U.S. Security Assistance to Israel--.
* With influence comes responsibility. The U.S. should not undermine the peace process it has helped design by arming Israel in preparation for further conflict.
* Increases in U.S. military assistance are based on the unreasonable claim that Israel grows less secure with each peace treaty it signs.
* The U.S. should adjust its approach to resolving the Israeli-Palestinian conflict by seeking innovative ways of addressing the causes of conflict.
The violence of the past eight months between Israelis and Palestinians has left 500 people dead, torpedoed the peace process, and turned the streets of the West Bank and Gaza Strip into battlefields. As the U.S. reconsiders its role in promoting Israeli-Palestinian peace, the prospects for a final settlement--described last year as better than ever--seem worse than ever.

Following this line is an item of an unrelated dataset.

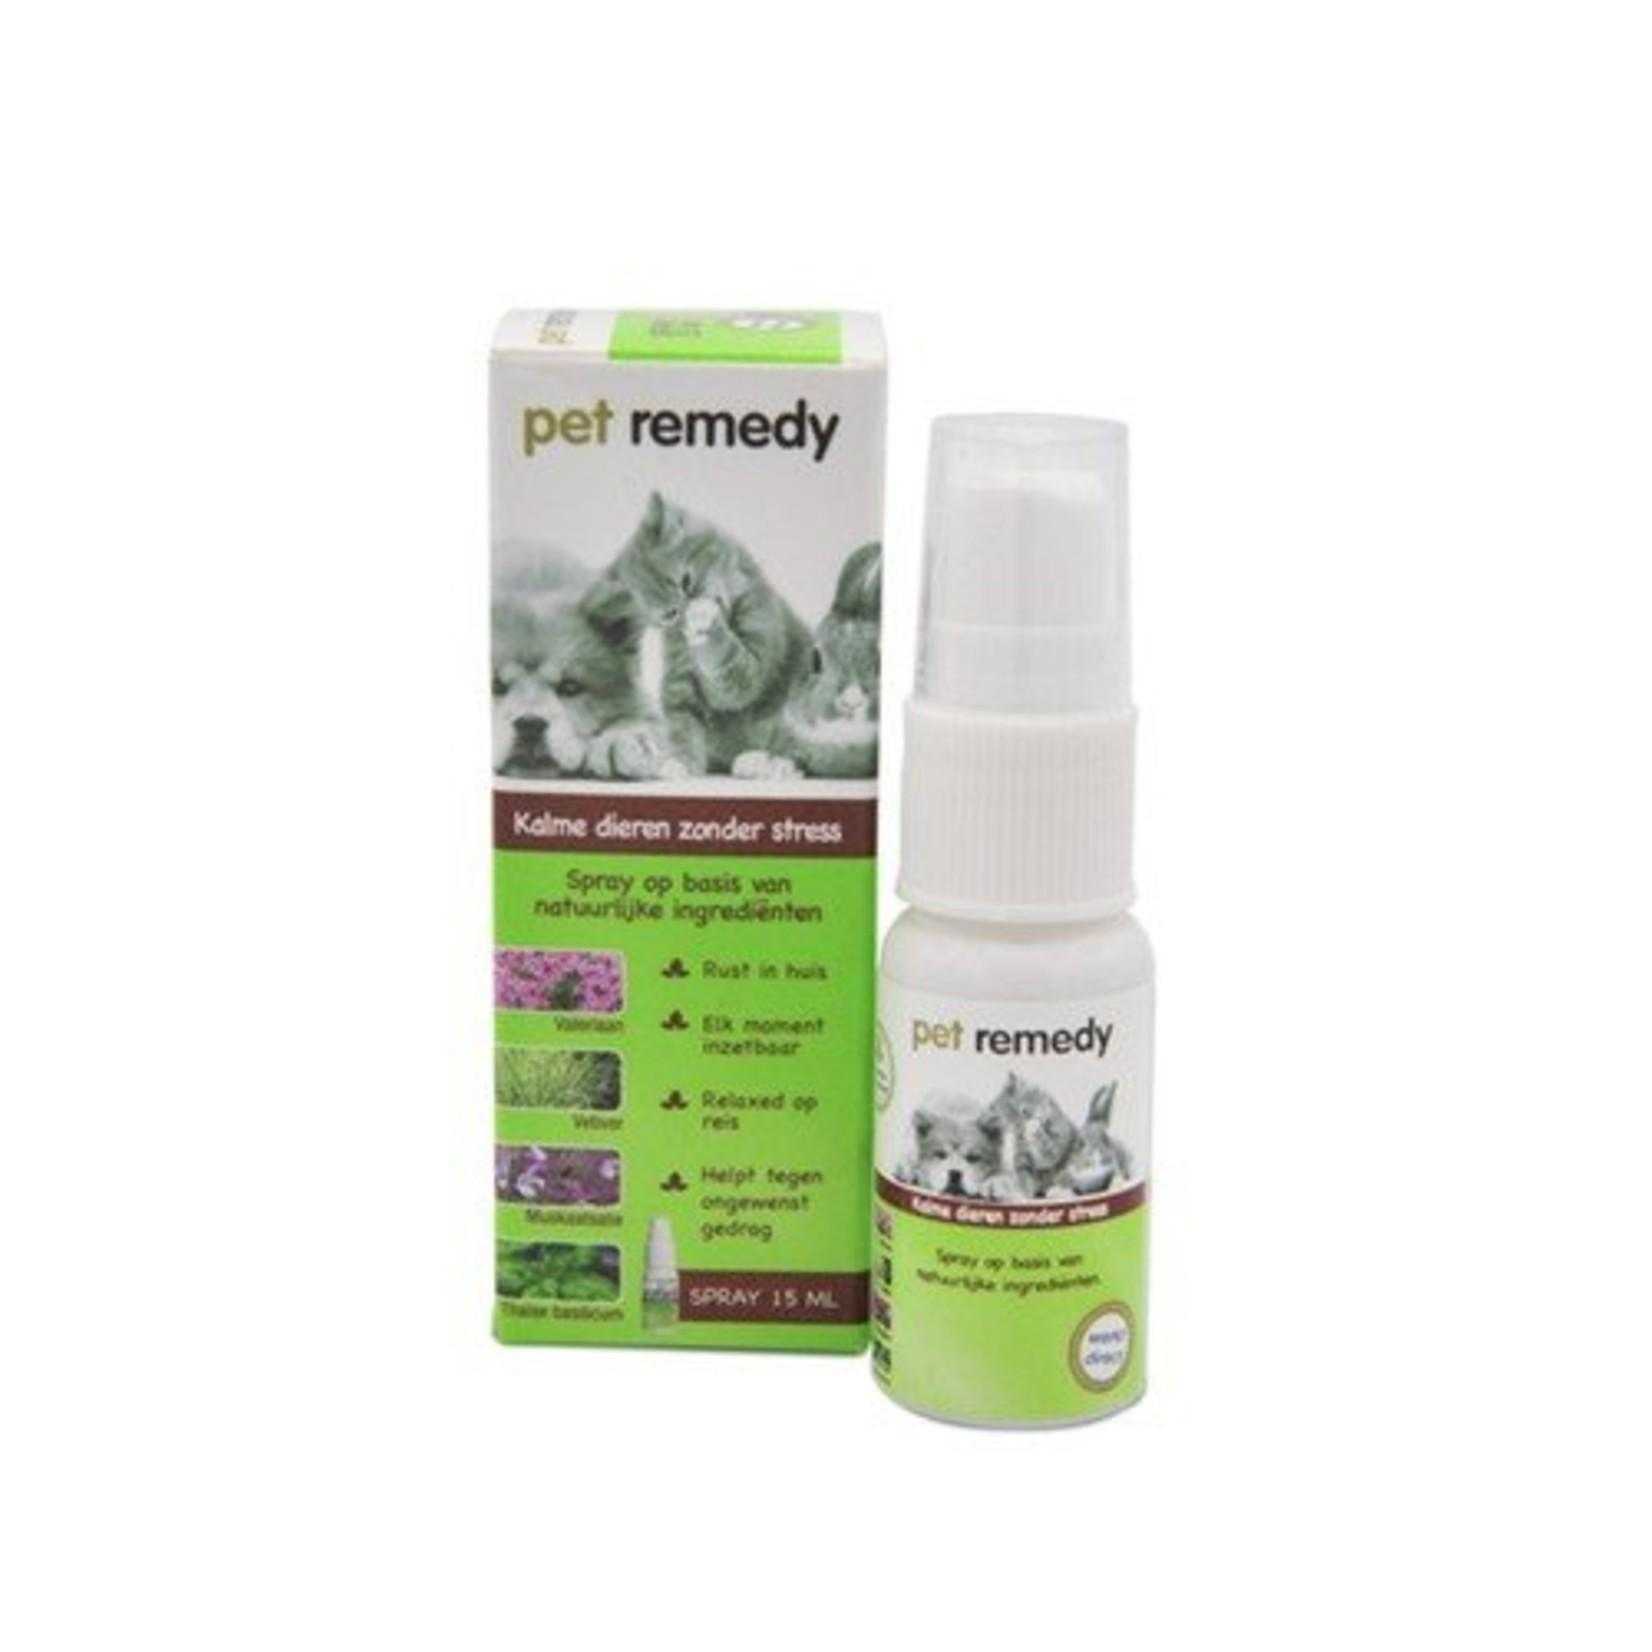 Pet Remedy, No Stress spray 15 ml
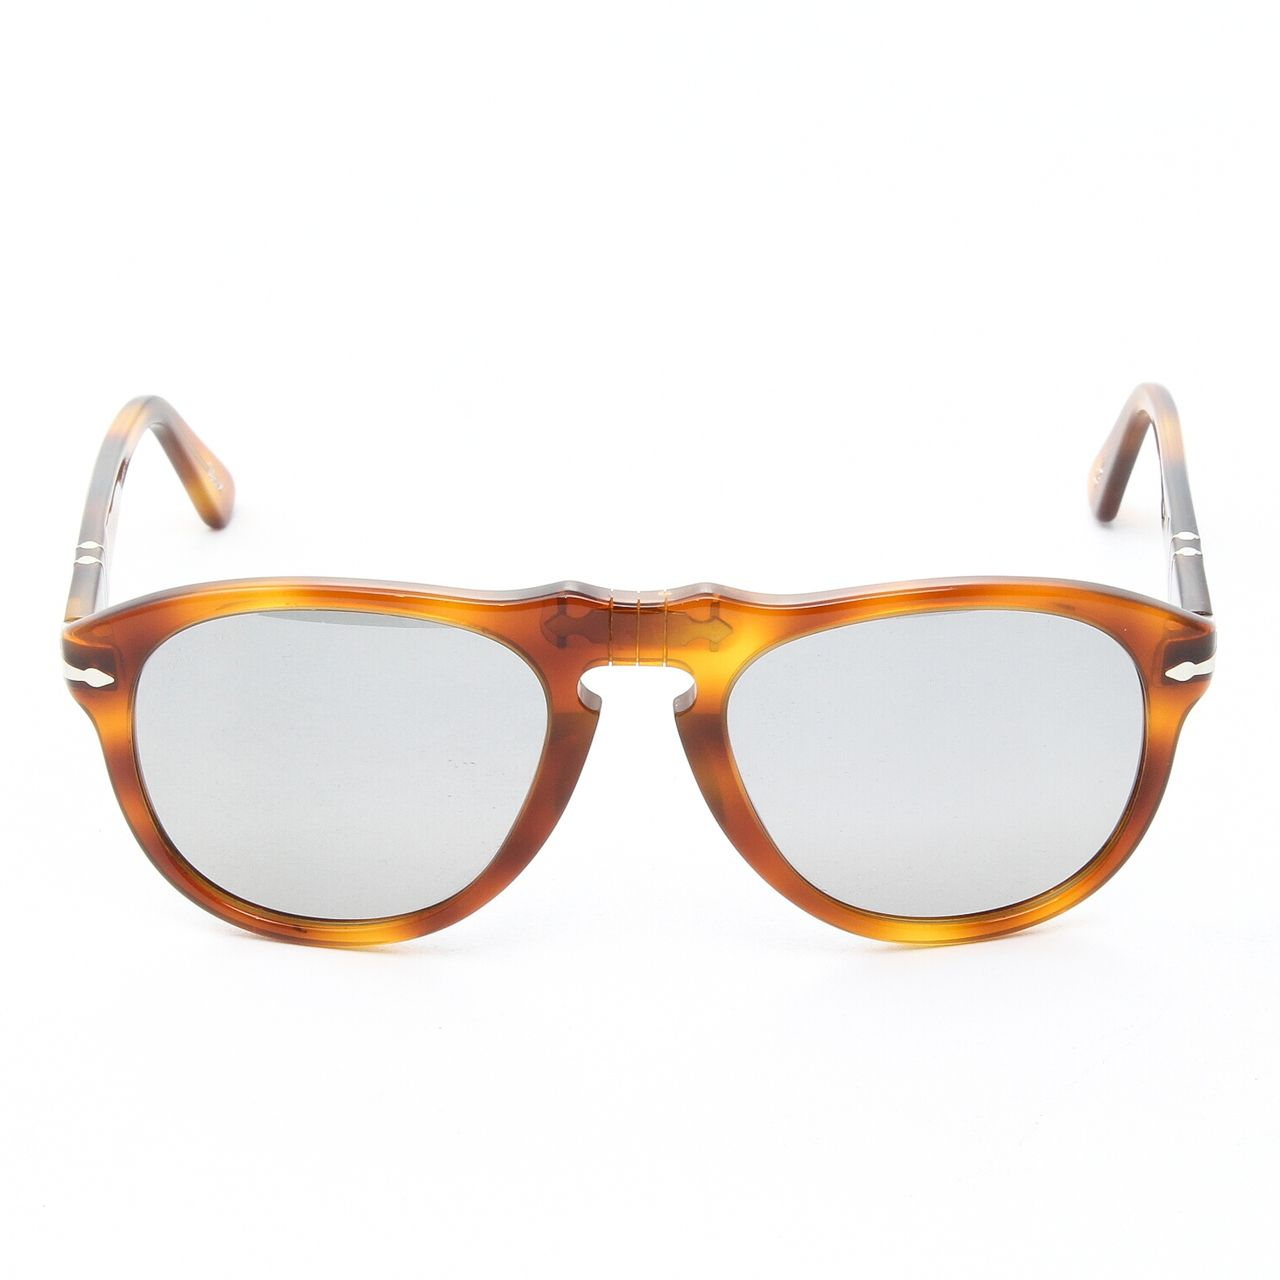 2b47e3eee3 Persol PO0649 96 82 52mm Light Havana Sunglasses with Grey Photochromic  Polarized Lenses - Theaspecs.com

In reference to the ambitious approach taken by former U.S. President Bill Clinton, the Bush administration has emphasized "assistance" over "insistence." Unfortunately, rather than focusing on addressing the issues that have derailed the peace process, American assistance is emerging as a disjointed policy that urges a peaceful resolution to the conflict while boosting military aid to Israel.
The increases in military aid grow out of a central pillar of U.S. policy in the Middle East: strengthening America's "strategic cooperation" with Israel. This cooperation currently centers around two categories of U.S. military-related assistance to Israel, Economic Support Funds (ESF) and Foreign Military Financing (FMF). The larger of these two, FMF, is intended to help Israel finance its acquisition of U.S. military equipment, services, and training and will total $1.98 billion in 2001. FMF is scheduled to increase by $60 million each year as part of an ongoing plan to phase out ESF support by 2008. If Israel would conclude peace agreements with Syria and the Palestinians, this increased FMF support combined with U.S. pledges to satisfy Israel's stated financial requirements for withdrawing from the Golan Heights, the West Bank, and the Gaza Strip will total more than $50 billion in U.S. military aid by 2008.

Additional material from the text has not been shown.